More disturbing, though, is the black bin bag she spots near the front steps, containing the mutilated body of a cat, with an extra touch that has her immediately wondering who, from the life she’s tried so hard to leave behind, has found her.

After a busy day at her vet practice, Mark mentions the news that has rocked their village of Coleton Combe: Olivia Edwards is missing, believed abducted on her walk home from the local pub the previous evening.

He’s keeping to himself the worry that Jenny might be involved, because he has, once before, failed to contain her sleep-walking, and tracked her down to Olivia’s front garden, a rock in her hand. His affair with Olivia is still a sore point between them.

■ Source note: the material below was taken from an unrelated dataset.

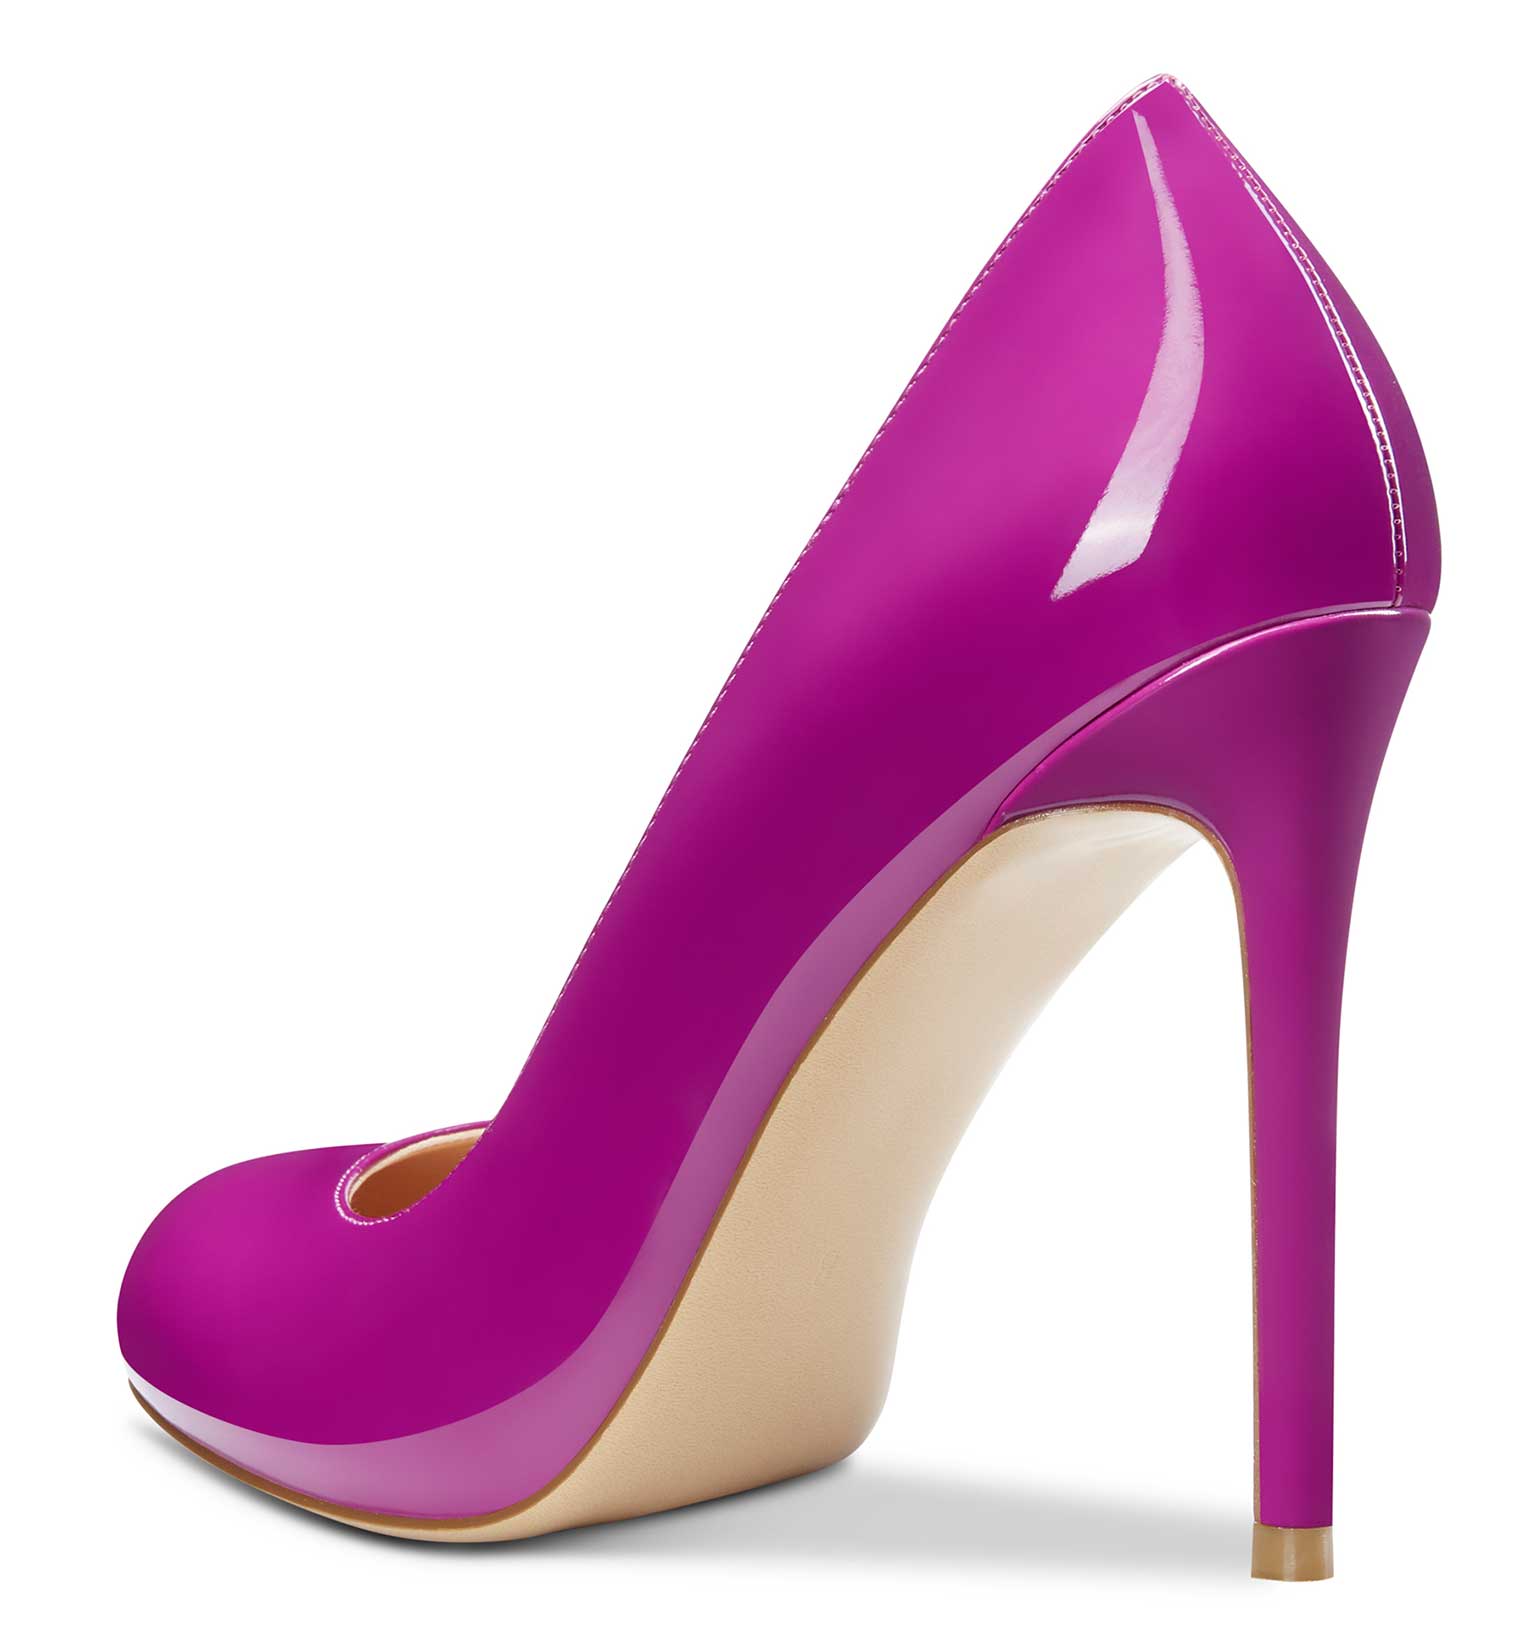 CASTAMERE Womens Round Toe High Heels Pumps Slip On Stilettos 10CM Heel Patent

Between the police questioning everyone in the village, speculation and gossip amongst the school mums, villagers and clinic staff, and more bin bags with grisly contents, Jenny’s stress levels are sky high, a situation that results in more blackouts, more sleepwalking, more worry about what she might have done, especially when the situation begins to resemble something she has experienced before.

It gradually becomes clear that neither of Mark nor Jenny has been entirely honest about their past: Mark has failed to mention impulsive acts following excess alcohol intake; Jenny has refused to talk about her family, never mentioning her manipulative, controlling mother or her serial killer father.

Most of the story is told through a dual narrative carried by Mark and Jenny; additional facts are provided by recalled conversations between a father and daughter, and extracts from a true crime book and commentary from the anonymous author about interactions with the book’s subject.

The reader may initially wonder just how reliable a narrator Jenny is. Certainly, the second-guessing she engages in about her own actions has strong foundations, and her blackouts and nocturnal activity make her the ideal subject for gaslighting.

There are plenty of distractions, red herrings and lots of tension to keep the reader guessing and the pages turning right up to the nail-biting climax. The blurb is slightly misleading and the resolution needs some suspension of disbelief, but still an excellent crime thriller.
This unbiased review is from an uncorrected proof copy provided by NetGalley and Avon Books UK.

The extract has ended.